**Exercise requirements:**
Only the lines from the one containing "7_Puerto-Rican-Parade-Couple,-NYC,-2003.jpg" to the end of the data should be copied, exactly and without pictures.

**Supplied material:**
+ + + +
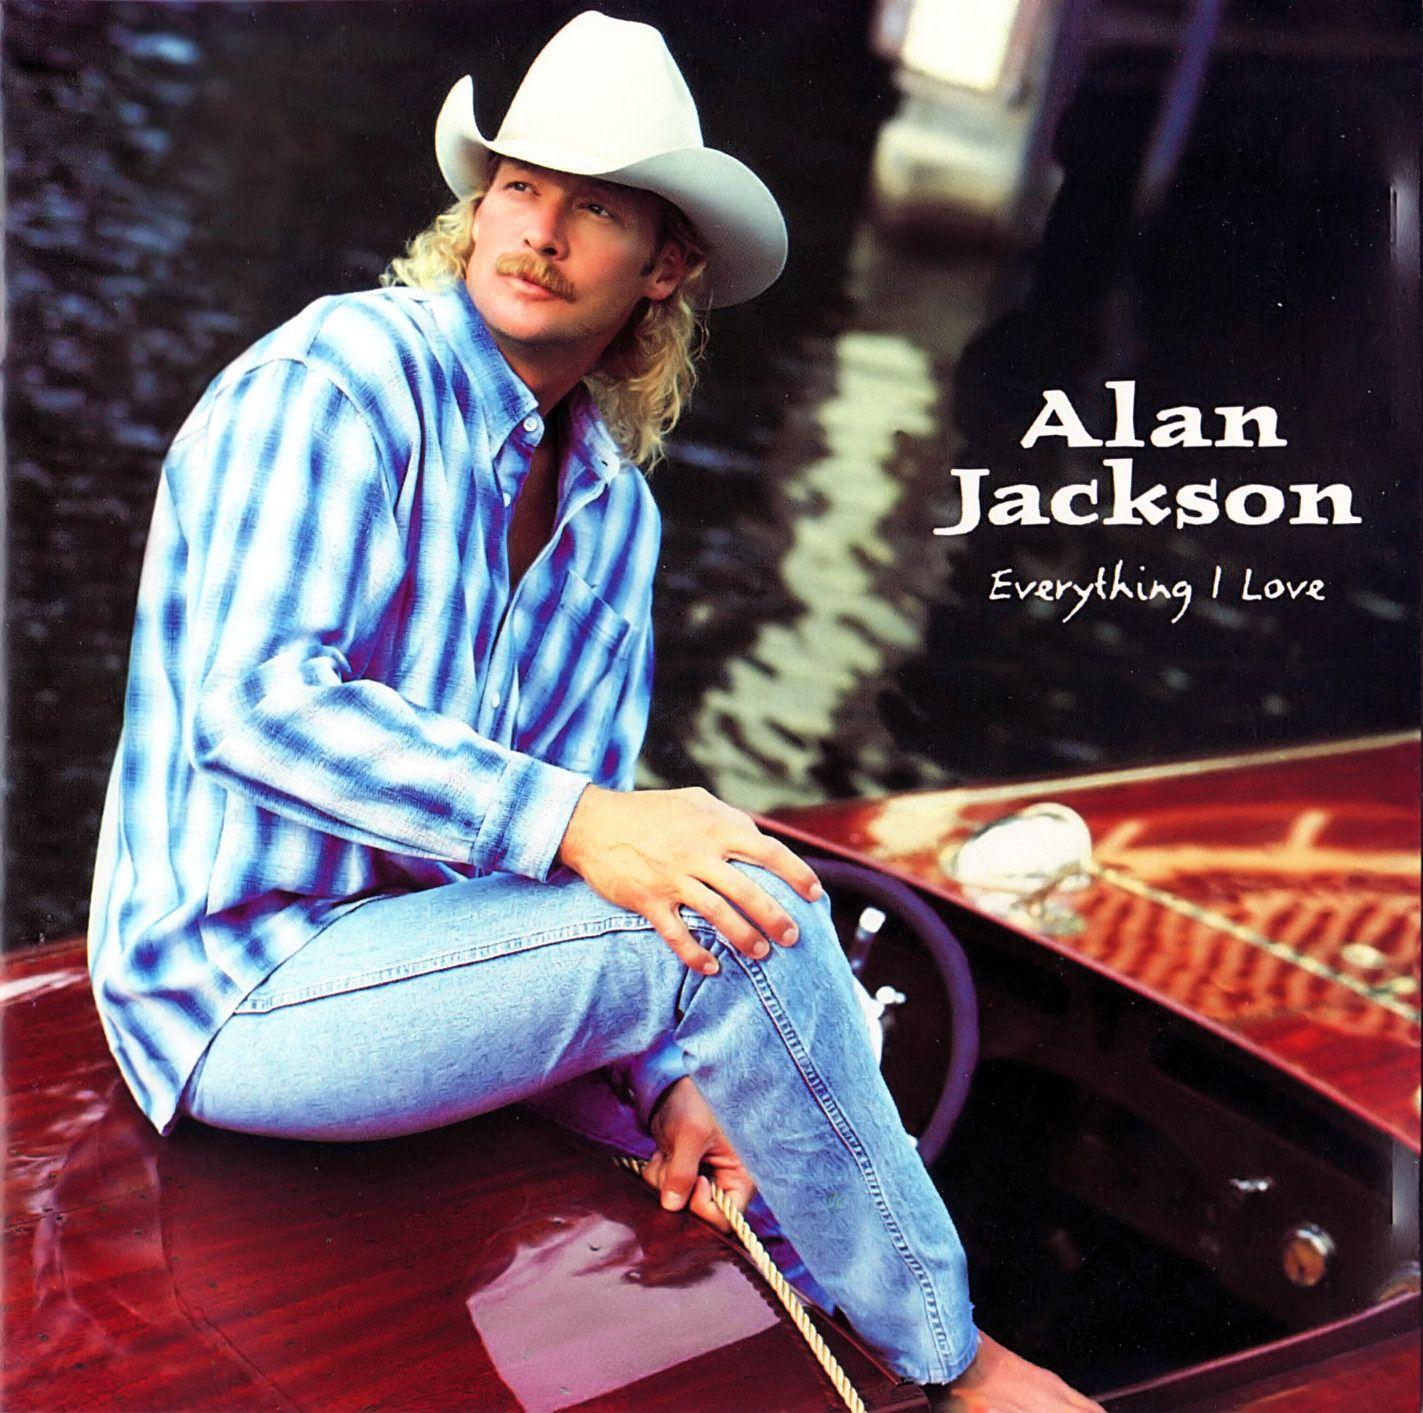 Alan Jackson - Everything I Love - Album Cover
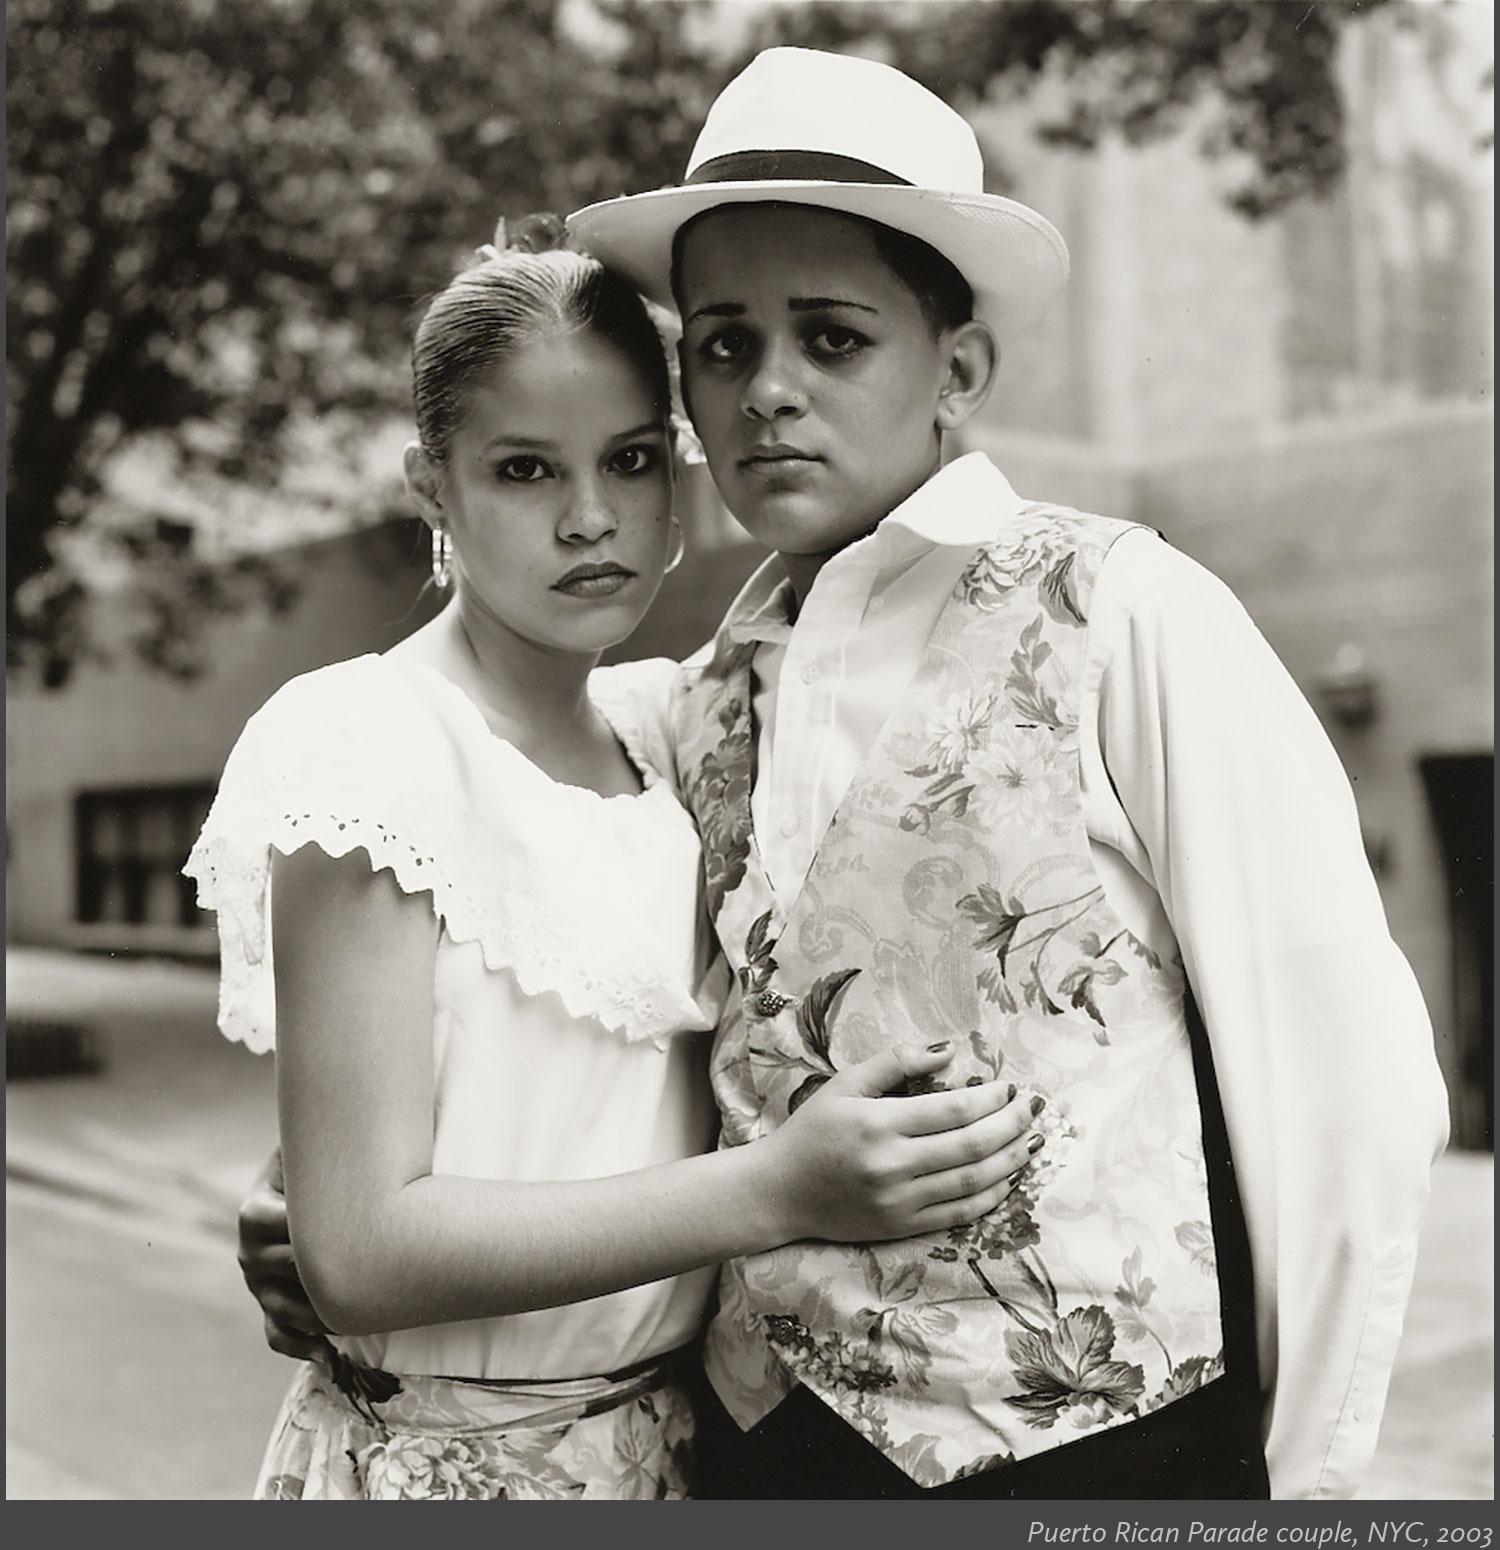 7_Puerto-Rican-Parade-Couple,-NYC,-2003.jpg
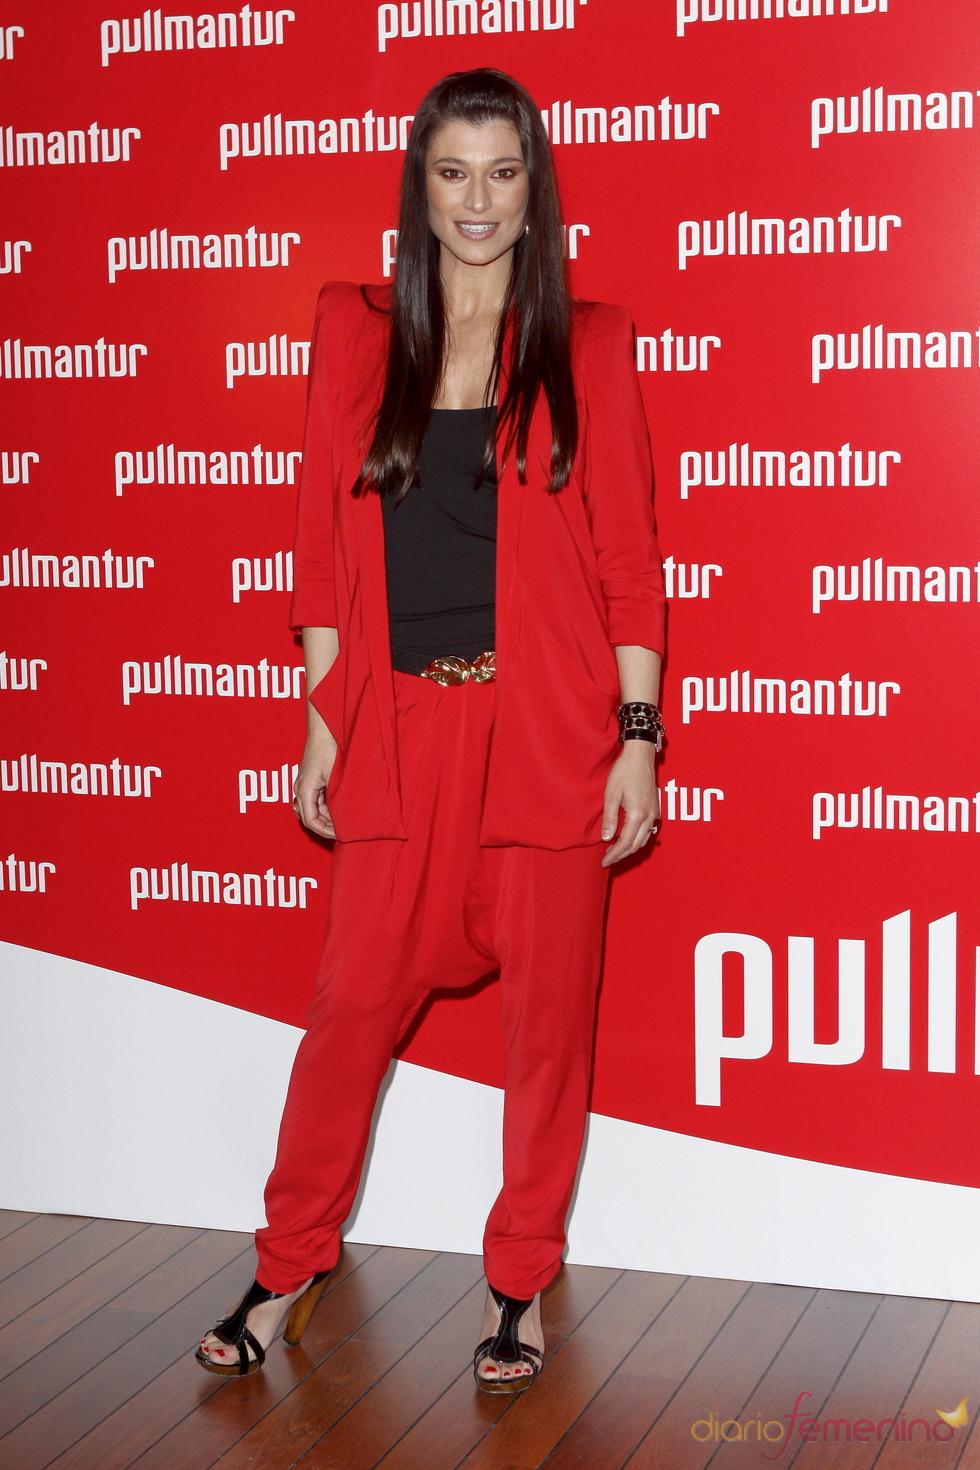 Sonia Ferrer posa a su llegada a la fiesta 'Pullmantur'
+ + + +
**Answer to the exercise:**
 7_Puerto-Rican-Parade-Couple,-NYC,-2003.jpg
 Sonia Ferrer posa a su llegada a la fiesta 'Pullmantur'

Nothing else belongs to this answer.